Apache Spark Kinesis Integration providing real-time stream processing of data from Amazon Kinesis Data Streams
Internal helper utilities for integrating Kinesis streams with PySpark. These utilities provide Python-friendly interfaces to the Scala/Java APIs and are primarily used by the PySpark Kinesis integration.
Internal helper class that wraps Kinesis stream creation for Python compatibility.
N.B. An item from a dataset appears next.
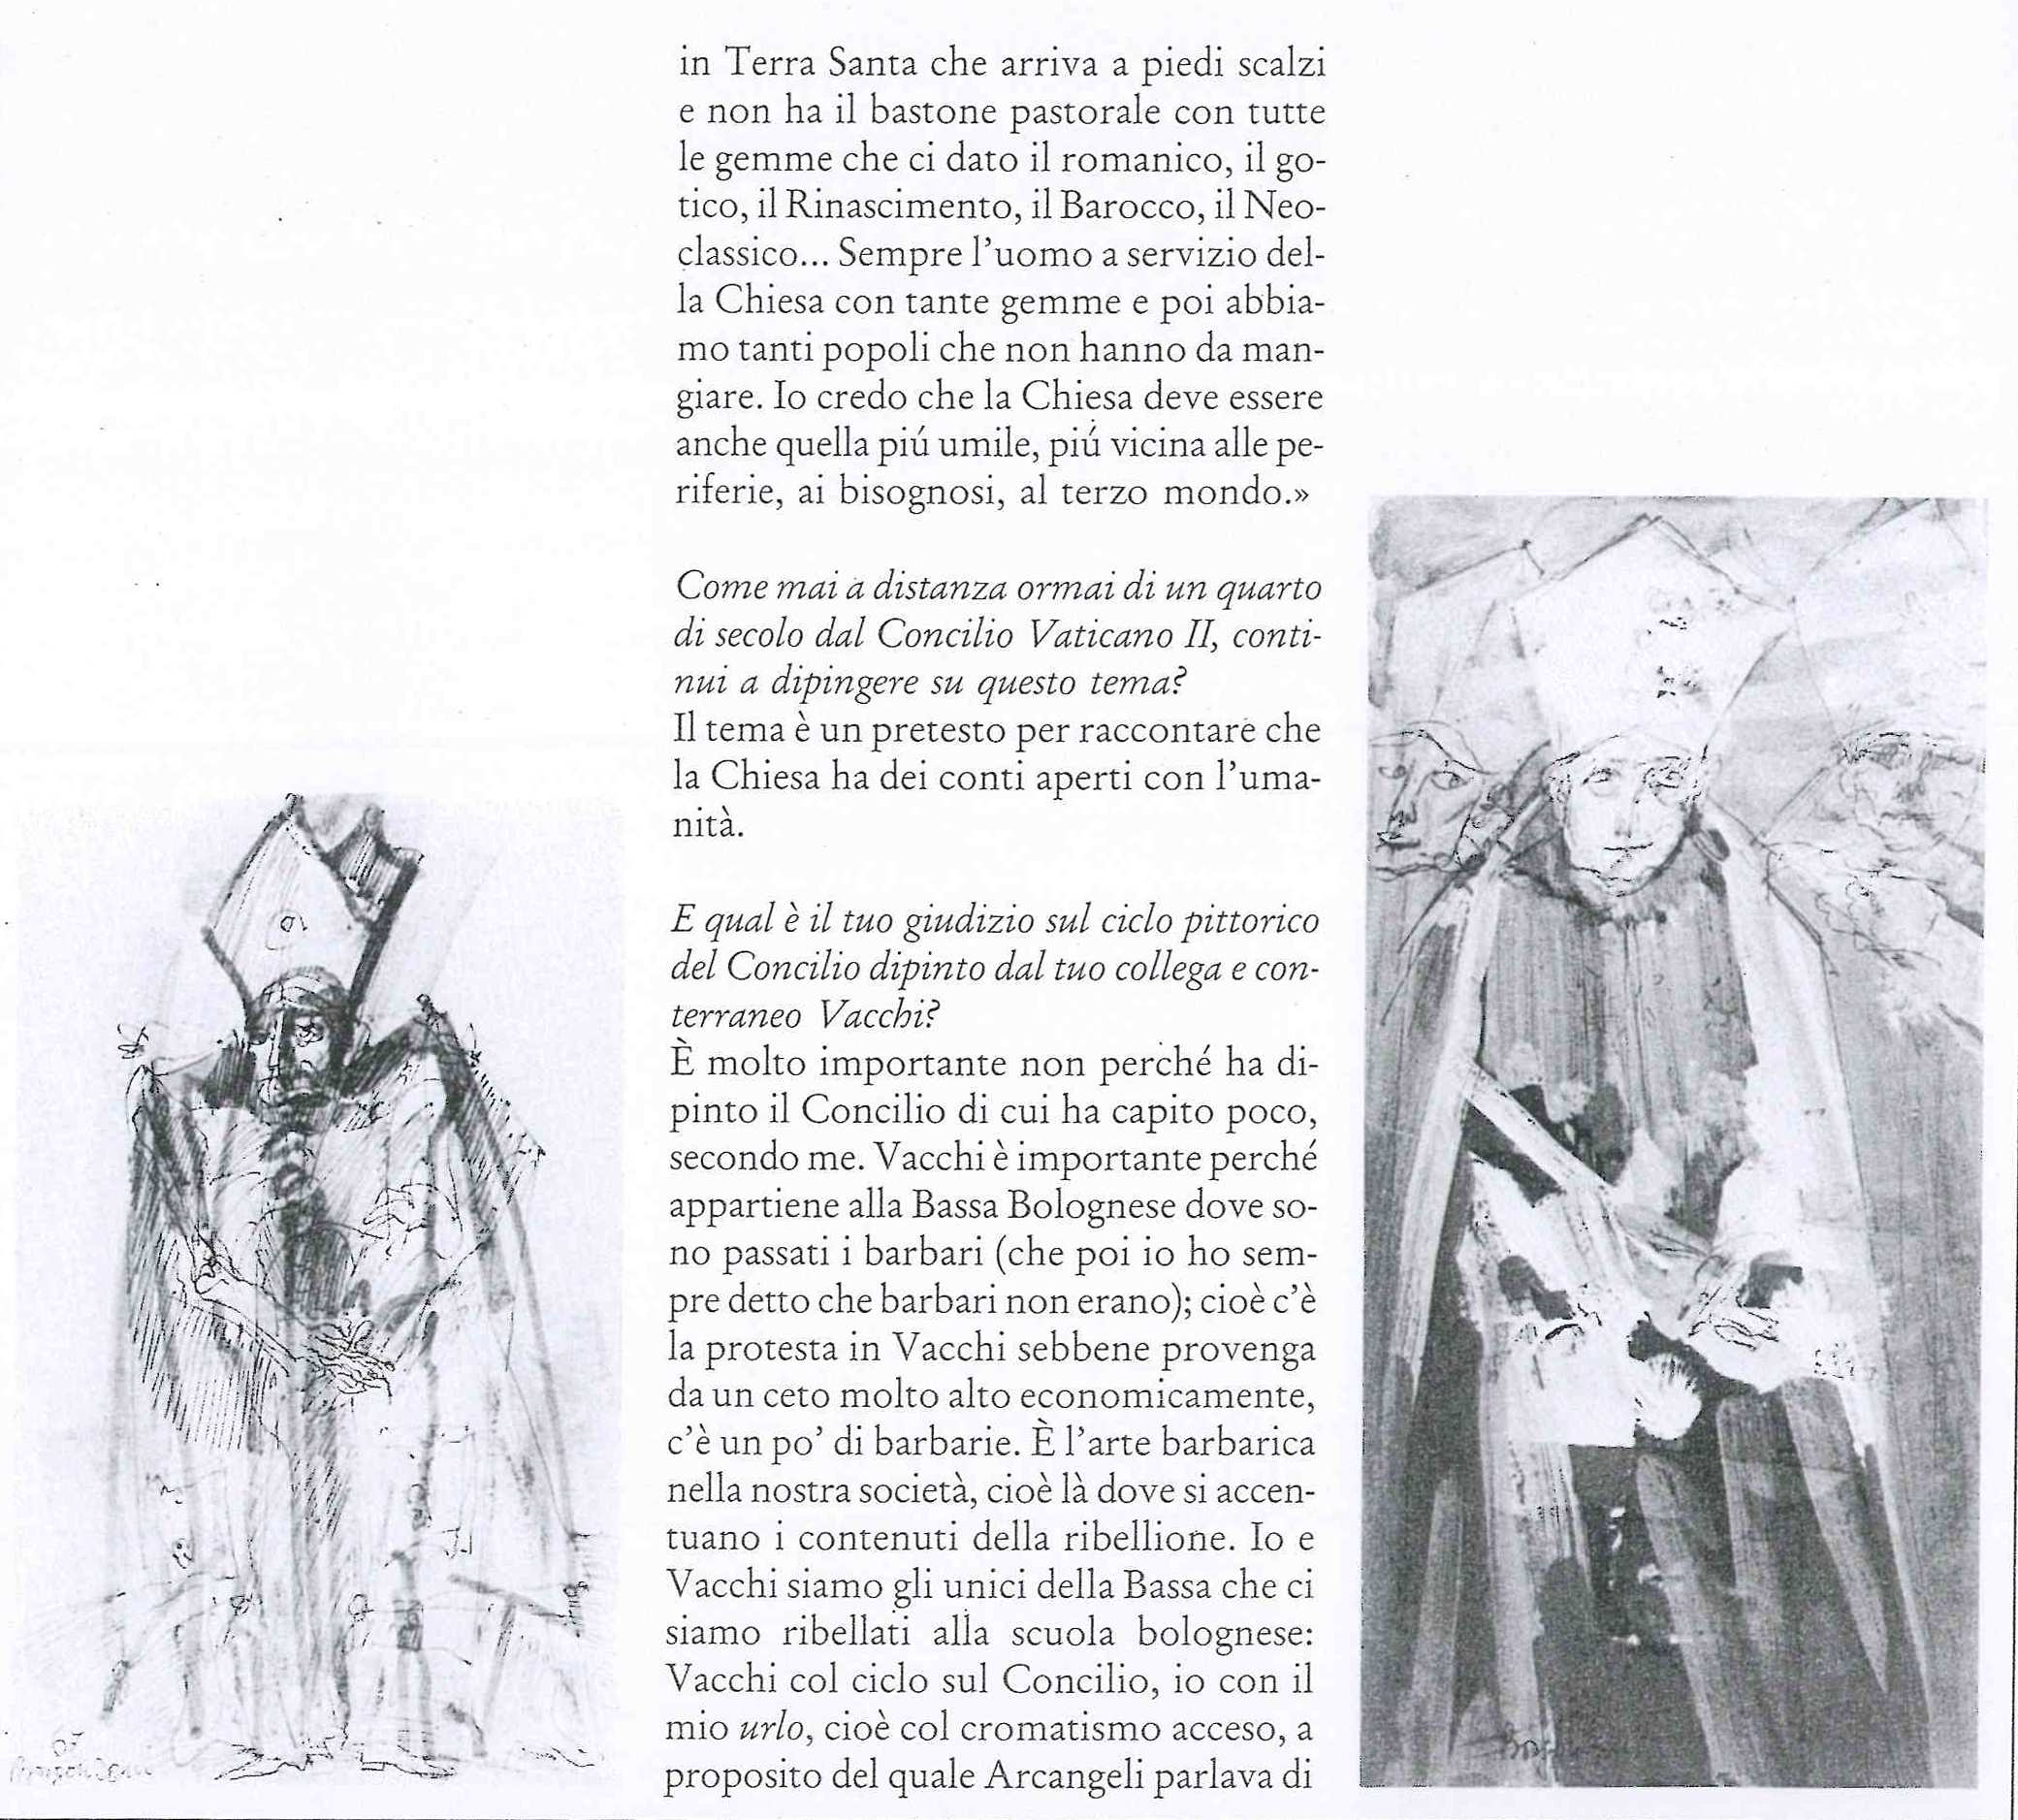 Intervista di L. Strozzieri a A. Borgonzoni, in M.A. Baitello, L. Strozzieri, Borgonzoni, Pescara, Artechiara, 1986, pp. 51-54 e 58

private class KinesisUtilsPythonHelper {
def createStream(
jssc: JavaStreamingContext,
kinesisAppName: String,
streamName: String,
endpointUrl: String,
regionName: String,
initialPositionInStream: Int,
checkpointInterval: Duration,
metricsLevel: Int,
storageLevel: StorageLevel,
awsAccessKeyId: String,
awsSecretKey: String,
stsAssumeRoleArn: String,
stsSessionName: String,
stsExternalId: String
): JavaReceiverInputDStream[Array[Byte]]
}The Python helper maps integer values to appropriate enums and configurations:
initialPositionInStream match {
case 0 => InitialPositionInStream.LATEST
case 1 => InitialPositionInStream.TRIM_HORIZON
case _ => throws IllegalArgumentException
}metricsLevel match {
case 0 => MetricsLevel.DETAILED
case 1 => MetricsLevel.SUMMARY
case 2 => MetricsLevel.NONE
case _ => MetricsLevel.DETAILED // Default fallback
}The helper validates authentication parameter combinations:
awsAccessKeyId and awsSecretKey must be provided together or both nullstsAssumeRoleArn, stsSessionName, stsExternalId) must be provided together or all nullThe helper follows this internal pattern:
val builder = KinesisInputDStream.builder
.streamingContext(jssc)
.checkpointAppName(kinesisAppName)
.streamName(streamName)
.endpointUrl(endpointUrl)
.regionName(regionName)
.initialPosition(mappedInitialPosition)
.checkpointInterval(checkpointInterval)
.metricsLevel(mappedMetricsLevel)
.storageLevel(storageLevel)
// Configure authentication based on provided parameters
if (stsCredentialsProvided) {
val kinesisCredsProvider = STSCredentials(
stsRoleArn, stsSessionName, Option(stsExternalId),
BasicCredentials(awsAccessKeyId, awsSecretKey)
)
builder.kinesisCredentials(kinesisCredsProvider)
.buildWithMessageHandler(KinesisInputDStream.defaultMessageHandler)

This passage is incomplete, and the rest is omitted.